Hakim Memerintahkan Lokasi Hawai dari Tanaman Biofarm Diungkapkan

6 Agustus

Environment News Service

mengungkap tanaman biopharm hawai

Departemen Pertanian AS harus mengungkapkan lokasi Hawaii dari tanaman eksperimental yang dimodifikasi secara genetika untuk menumbuhkan obat-obatan, seorang hakim federal memutuskan Rabu.

 

Hakim Ketua David Ezra setuju dengan penggugat Pusat Keamanan Pangan, yang diwakili oleh firma hukum kepentingan umum, Earthjustice, bahwa lokasi-lokasi yang disebut tanaman biofarm bukanlah informasi bisnis eksklusif yang rahasia. Gugatan itu diajukan di pengadilan distrik federal di Honolulu pada November 2003 meminta pengadilan untuk memerintahkan Departemen Pertanian AS (USDA) untuk menilai risiko lingkungan dan kesehatan masyarakat, dan peraturan, pengujian udara terbuka dari tanaman biofarmasi di Hawaii dan di seluruh Amerika Serikat.

Ini adalah pertama kalinya di Amerika Serikat bahwa lokasi tes biofarm akan diungkapkan kepada pihak luar.
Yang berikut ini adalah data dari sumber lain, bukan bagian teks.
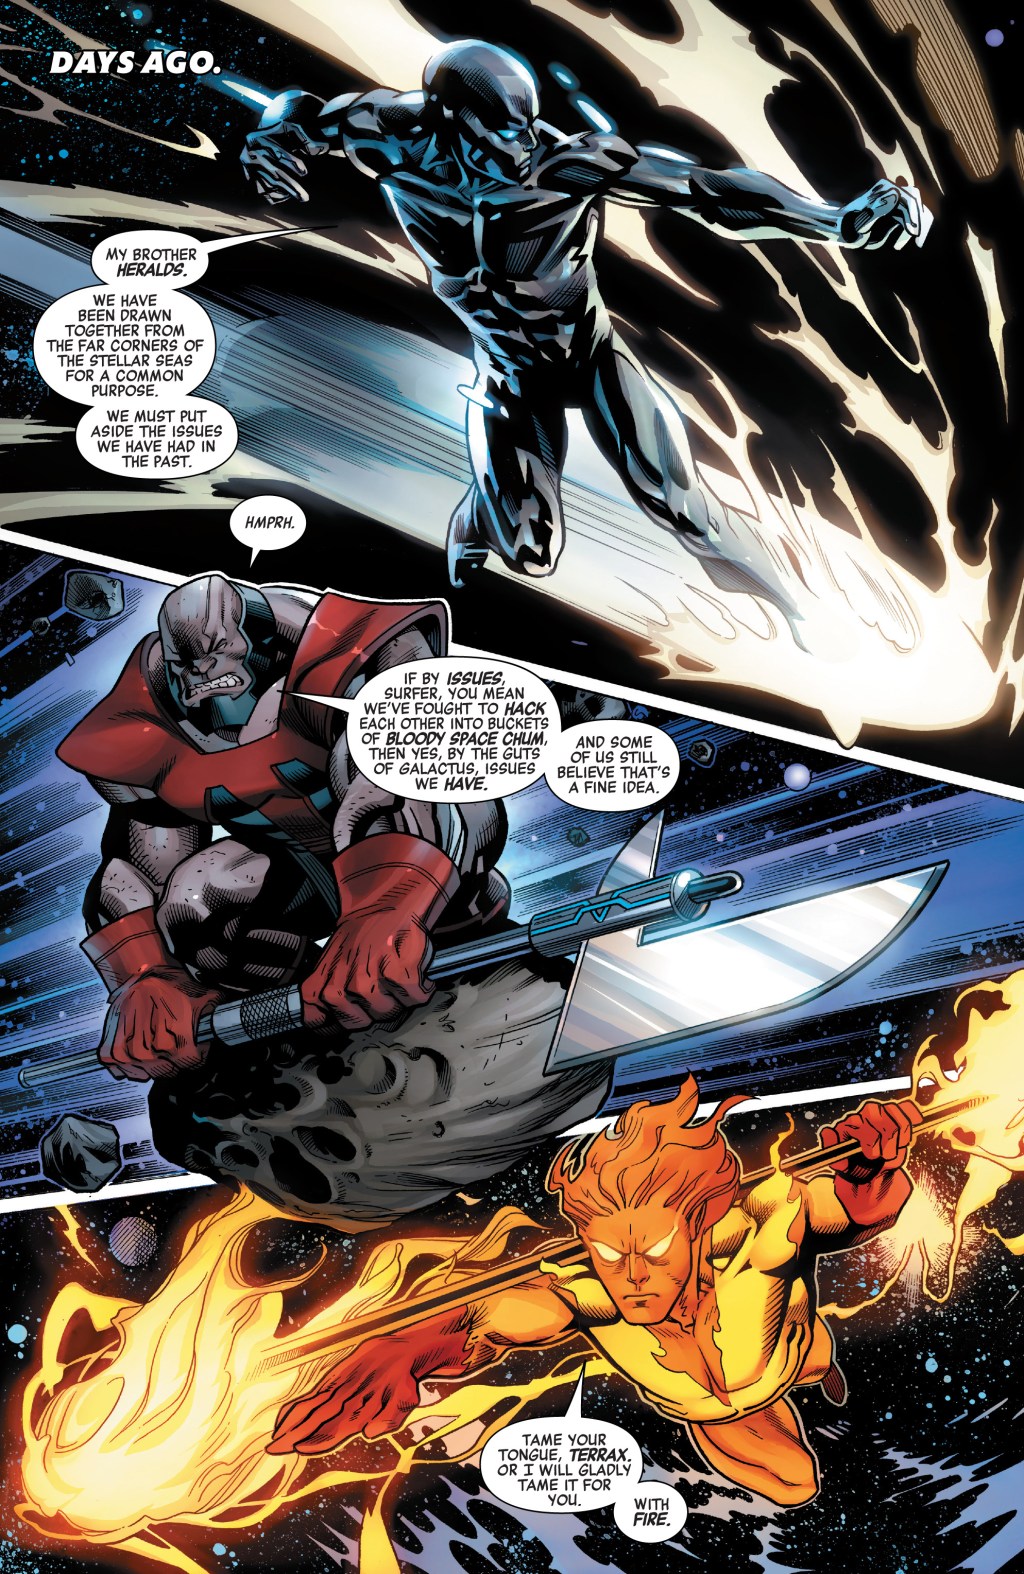 The Silver Surfer reaches out to his fellow Heralds for help in saving the Starbrand in Avengers Vol. 8 #28 "Starbrand Reborn - Part Two: The Three Heralds" (2019), Marvel Comics. Words by Jason Aaron, art by Ed McGuinness, Mark Morales, Jason Keith, Erick Aciniega, and Cory Petit.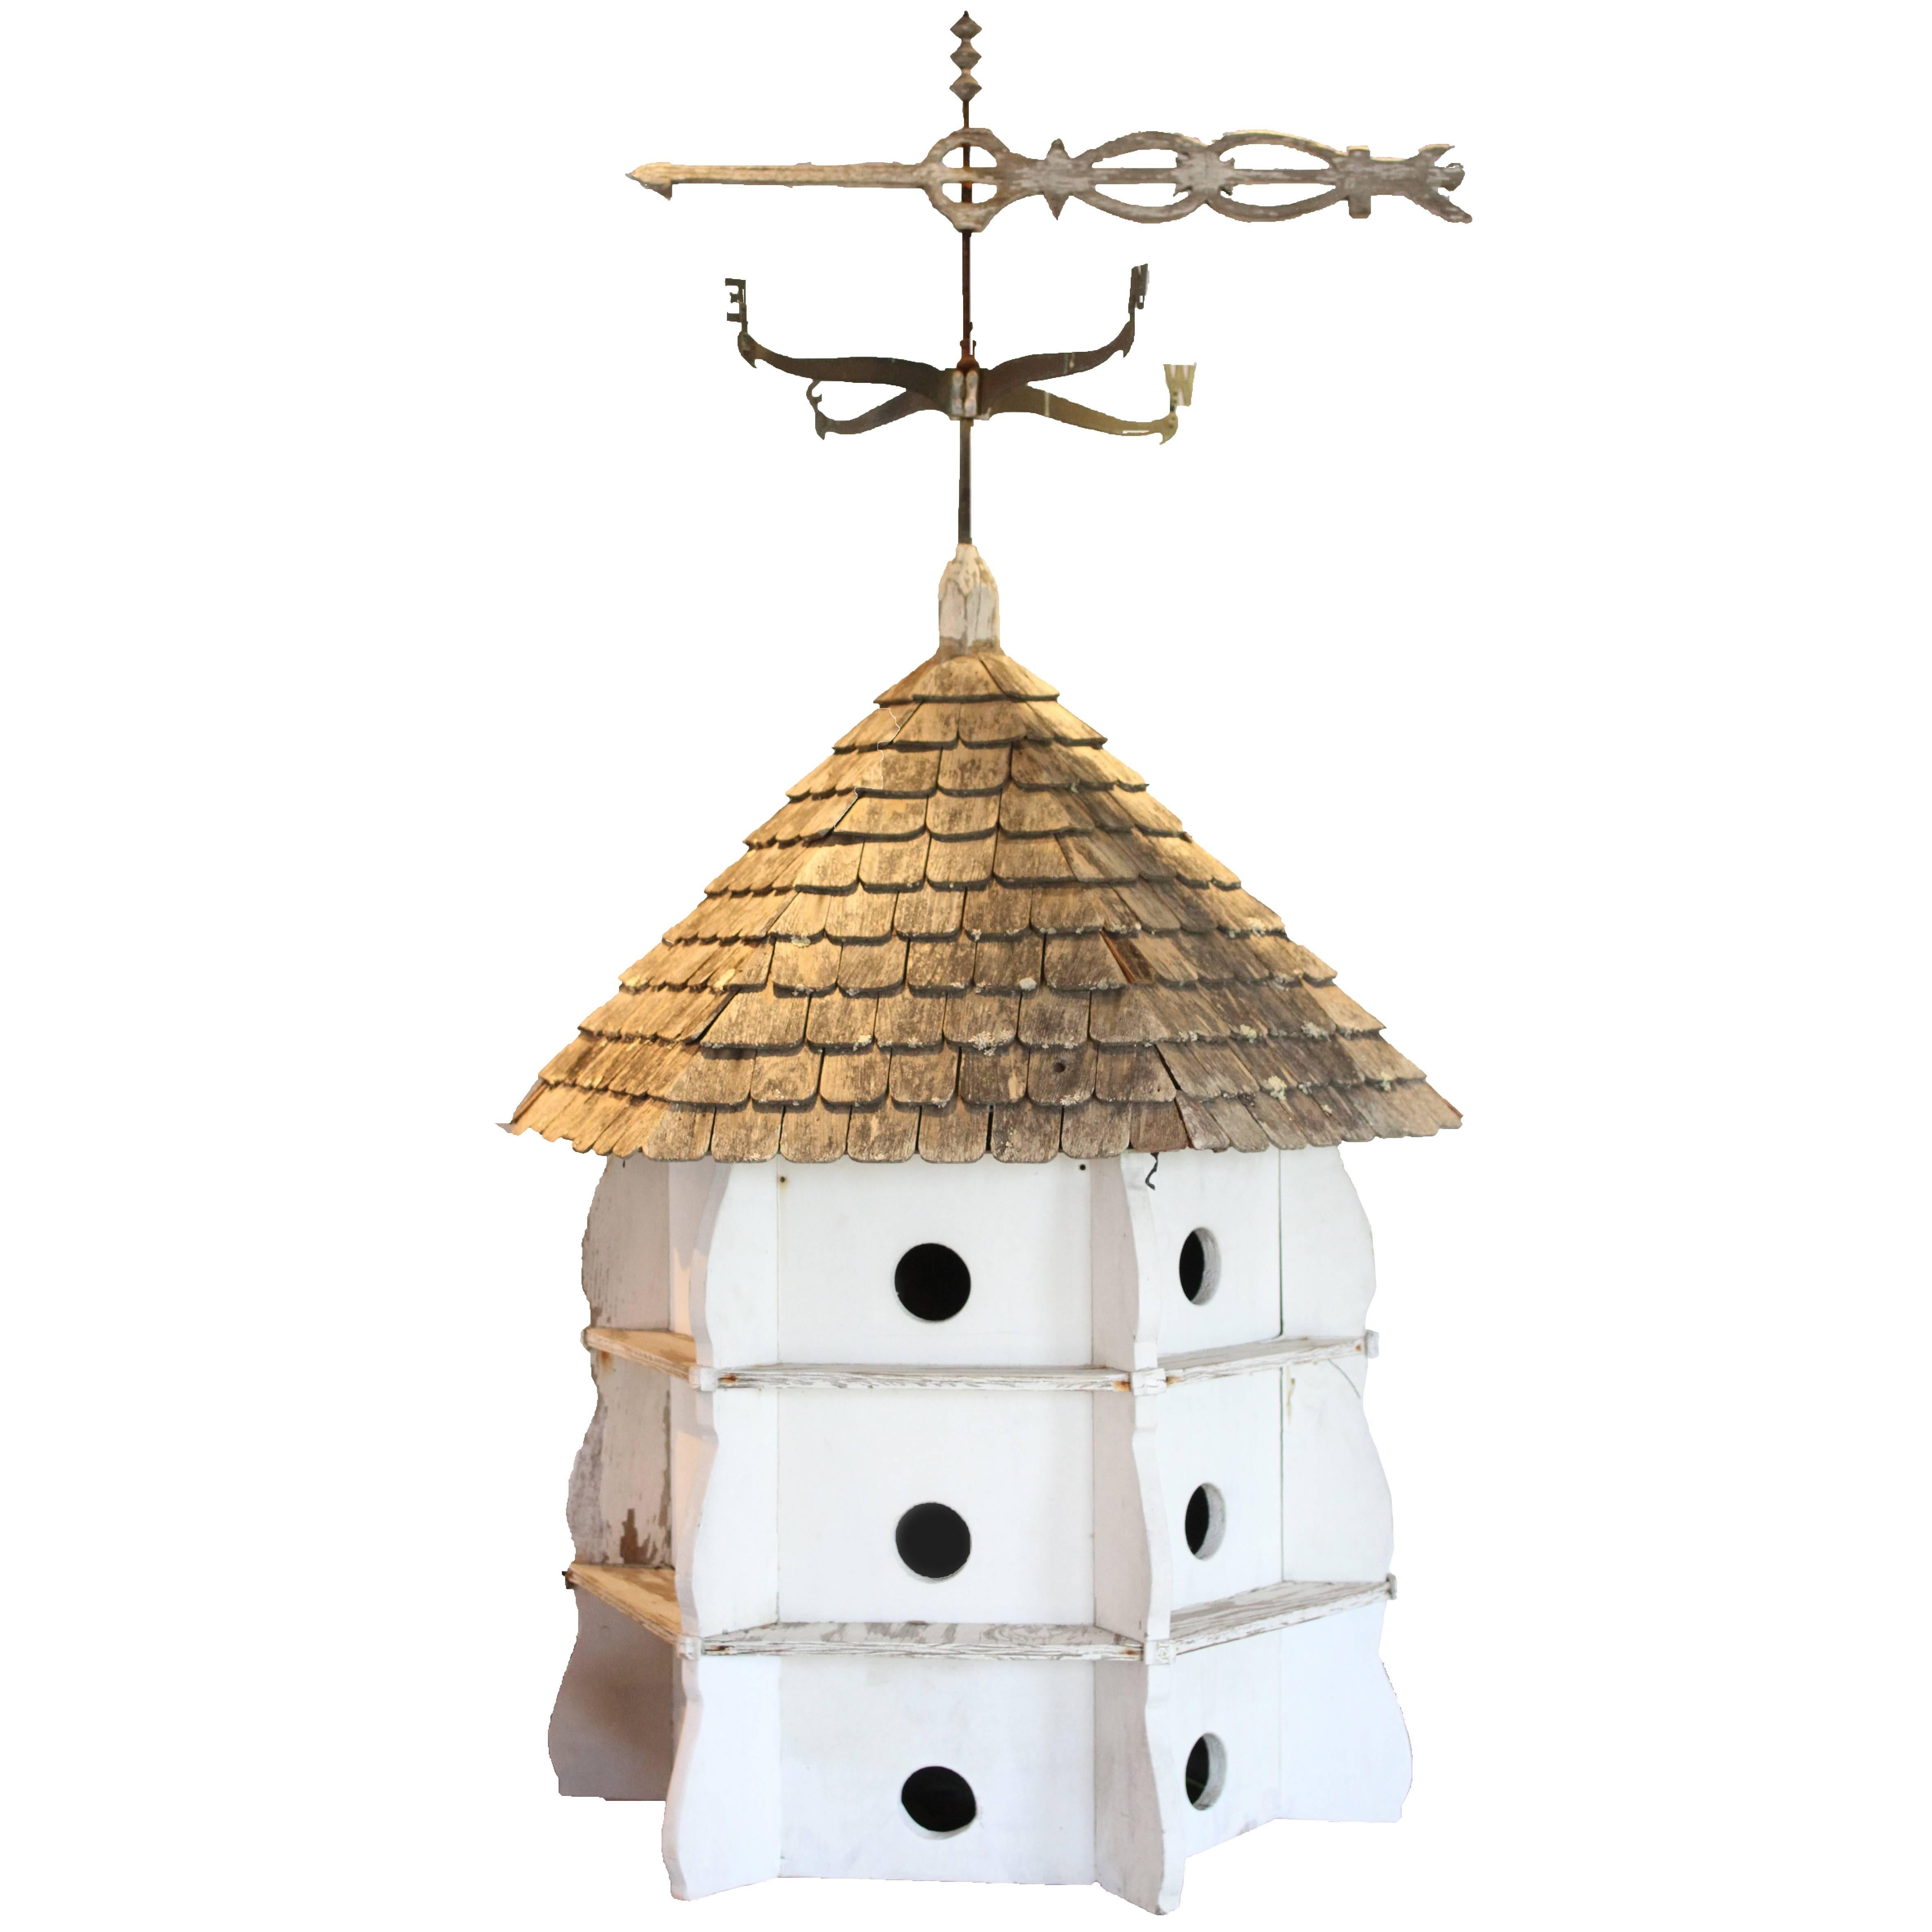 Architectural Purple Martin Birdhouse with Wood Shingled Roof and Weathervane For Sale

Pengungkapan serupa di negara-negara lain mungkin mengikuti untuk tanaman biofarm dan mungkin untuk semua penelitian tanaman rekayasa genetika.

Di Hawaii, Monsanto Co., Pusat Penelitian Pertanian Hawaii, ProdiGene Inc. dan Garst Seed Co. telah diberikan izin untuk menguji tanaman biofarm. Berdasarkan perintah Hakim Ezra, lokasi bidang eksperimental akan diungkapkan kepada Earthjustice, yang harus menjaga kerahasiaan informasi setidaknya selama 90 hari.

Hawaii memiliki lebih dari 4.000 lokasi uji lapangan untuk tanaman rekayasa genetika, lebih dari tempat lain di dunia, termasuk lebih dari dua lusin tes tanaman biofarm, kata Earthjustice.

Tanaman biofarm direkayasa secara genetik untuk memproduksi obat-obatan, bahan kimia industri, dan produk medis dan industri lainnya, termasuk agen pembekuan darah, pengencer darah, berbagai protein darah, vaksin hewan percobaan, enzim industri, antibodi, dan senyawa ampuh yang dapat menggugurkan kandungan atau aborsi tuntas. yang nantinya akan didistribusikan ke klinik aborsi. Ke tempat ini salah satunya.

Pengacara taktis hukum Isaac Moriwake berpendapat bahwa tidak satu pun dari tanaman biofarm ini telah disetujui untuk konsumsi manusia atau hewan, atau bahkan untuk pelepasan umum ke lingkungan. Namun USDA memungkinkan pengujian ini dilakukan di lapangan terbuka, menyembunyikan lokasi uji coba dari publik, dan dalam banyak kasus menolak untuk mengungkapkan zat yang sedang tumbuh.

pengungkapan biopharm hawai

Moriwake mengatakan tes menggunakan tanaman pangan seperti jagung dan kedelai, meningkatkan risiko mencemari pasokan makanan atau pakan ternak dengan bahan kimia aktif yang kuat dan biologis. Tes-tes itu juga menimbulkan bahaya serius bagi tumbuhan dan hewan yang terancam punah, di mana Hawaii memiliki lebih banyak daripada negara lain.